■ Aim of the task
Print exactly and only the lines that run from the one containing "What&rsquo;s not to love?" through the end of the material, please, omitting pictures.

■ Records provided
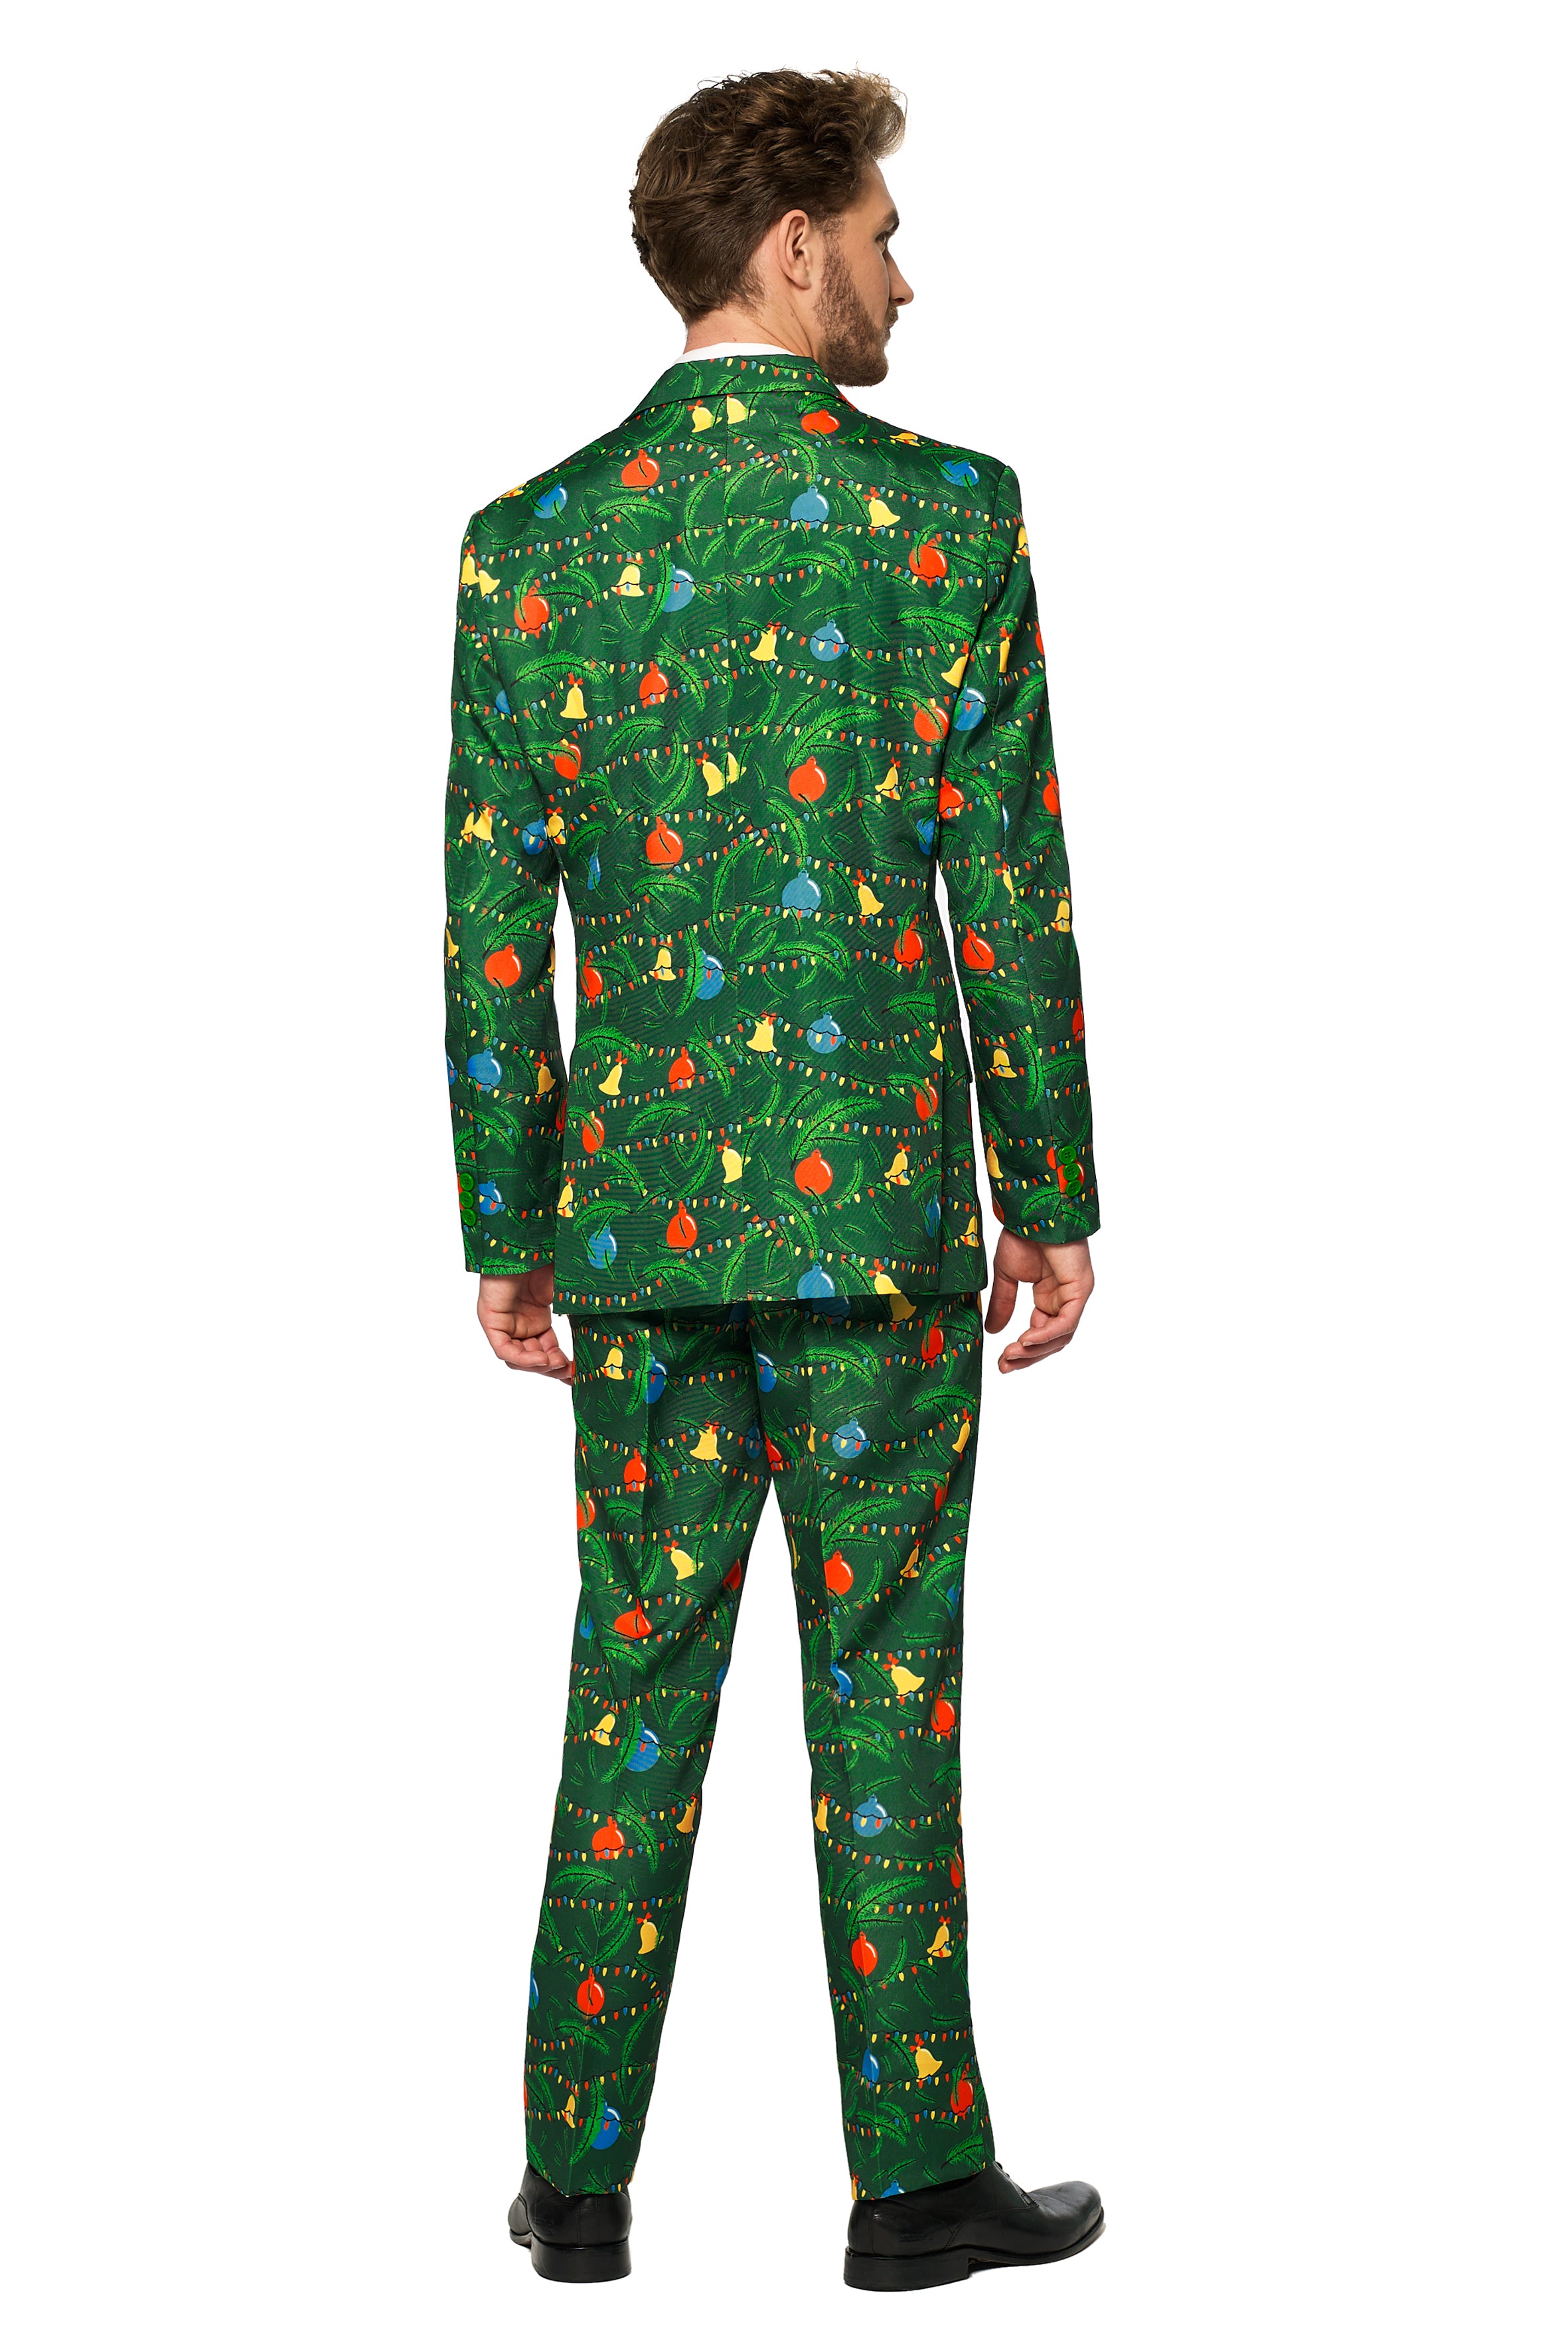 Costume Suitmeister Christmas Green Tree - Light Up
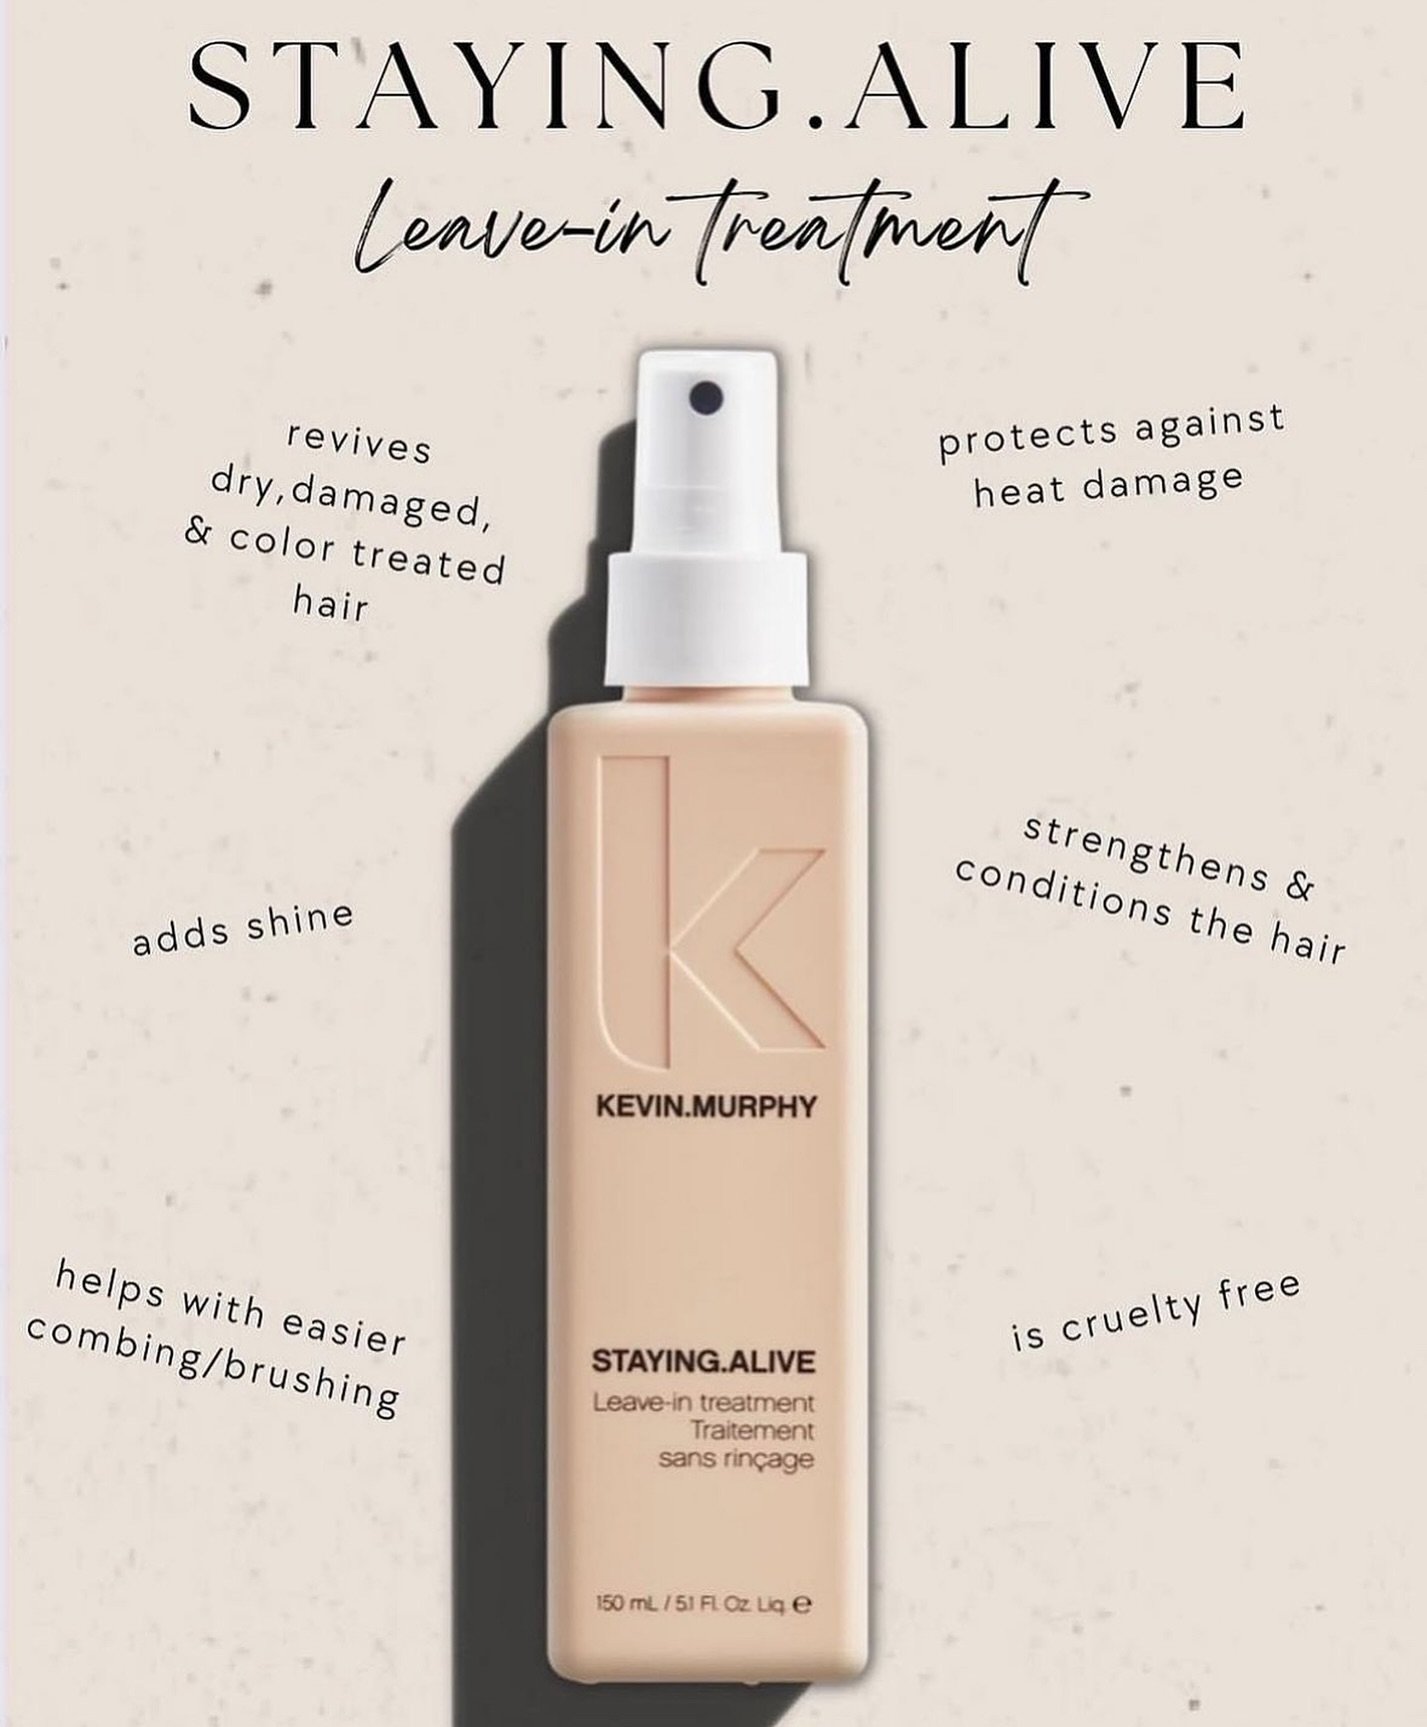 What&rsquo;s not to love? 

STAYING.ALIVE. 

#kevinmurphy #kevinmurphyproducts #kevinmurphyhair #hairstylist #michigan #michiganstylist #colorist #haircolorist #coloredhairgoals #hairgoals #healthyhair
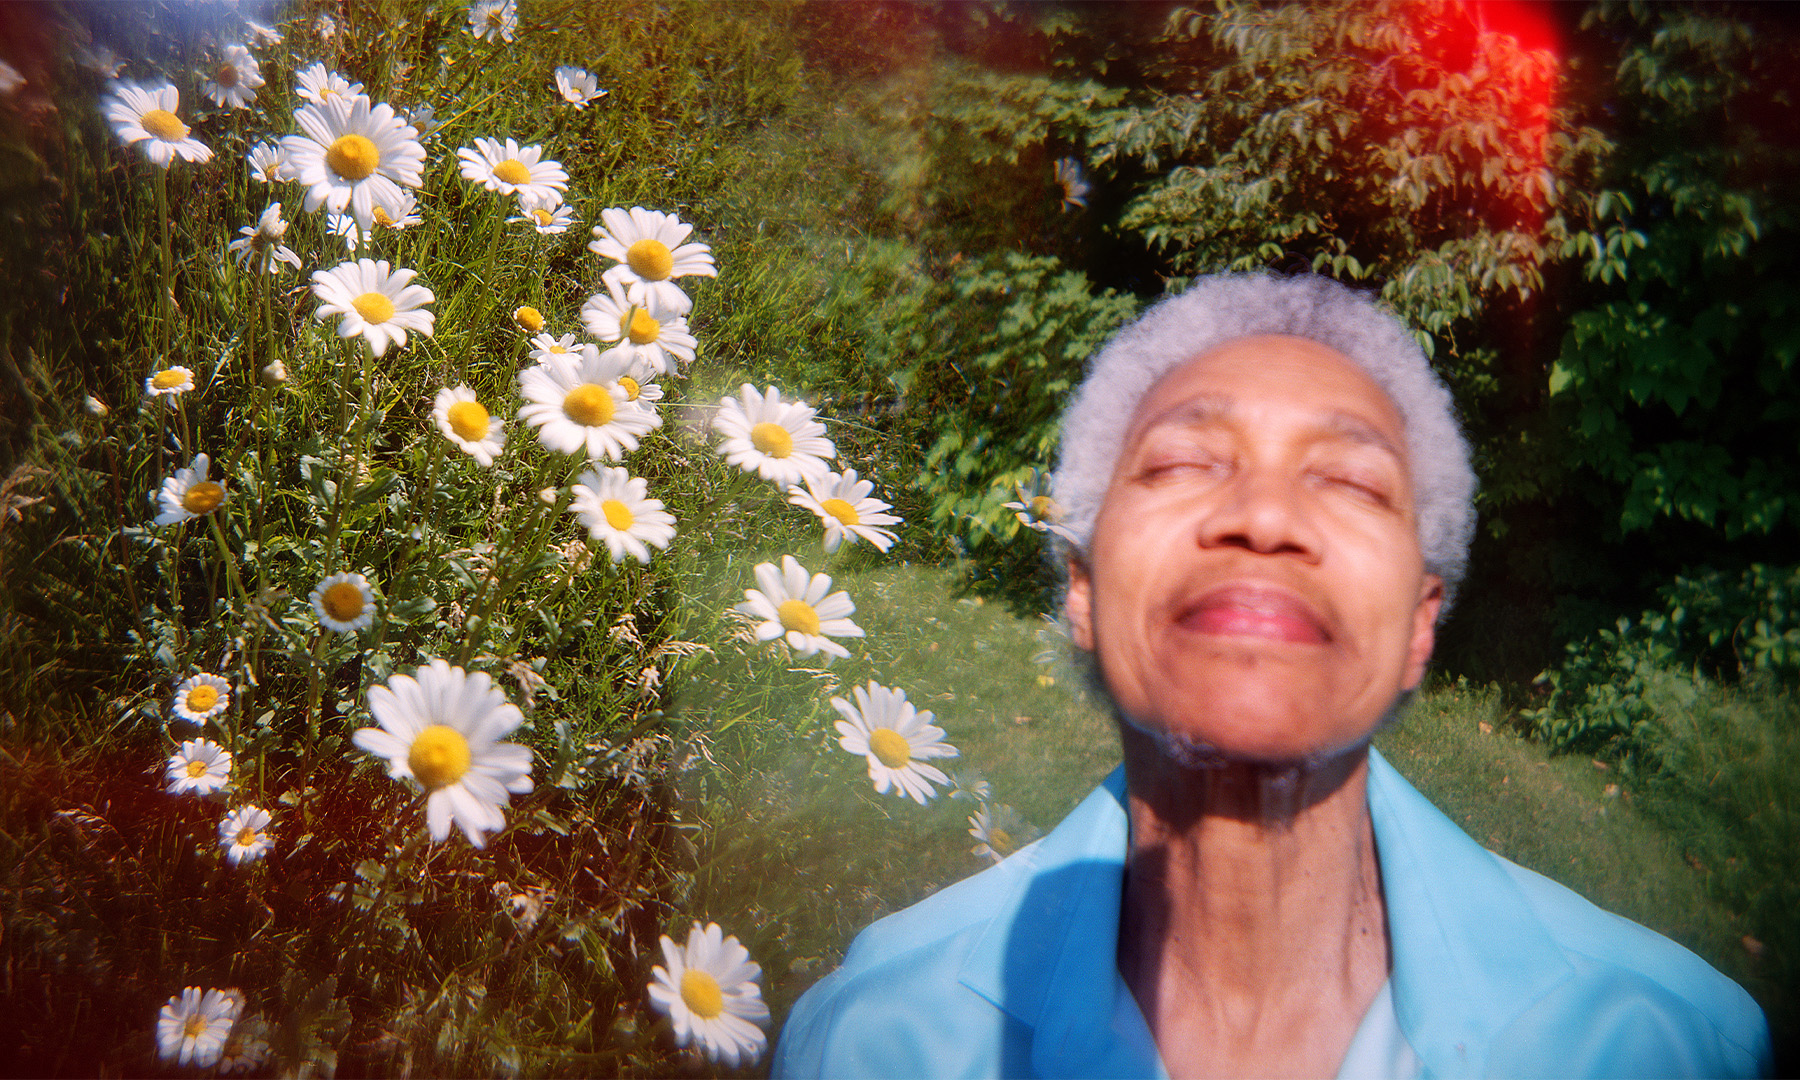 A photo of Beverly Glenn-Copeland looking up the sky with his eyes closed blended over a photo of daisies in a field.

■ Result
 What&rsquo;s not to love? 

STAYING.ALIVE. 

#kevinmurphy #kevinmurphyproducts #kevinmurphyhair #hairstylist #michigan #michiganstylist #colorist #haircolorist #coloredhairgoals #hairgoals #healthyhair
 A photo of Beverly Glenn-Copeland looking up the sky with his eyes closed blended over a photo of daisies in a field.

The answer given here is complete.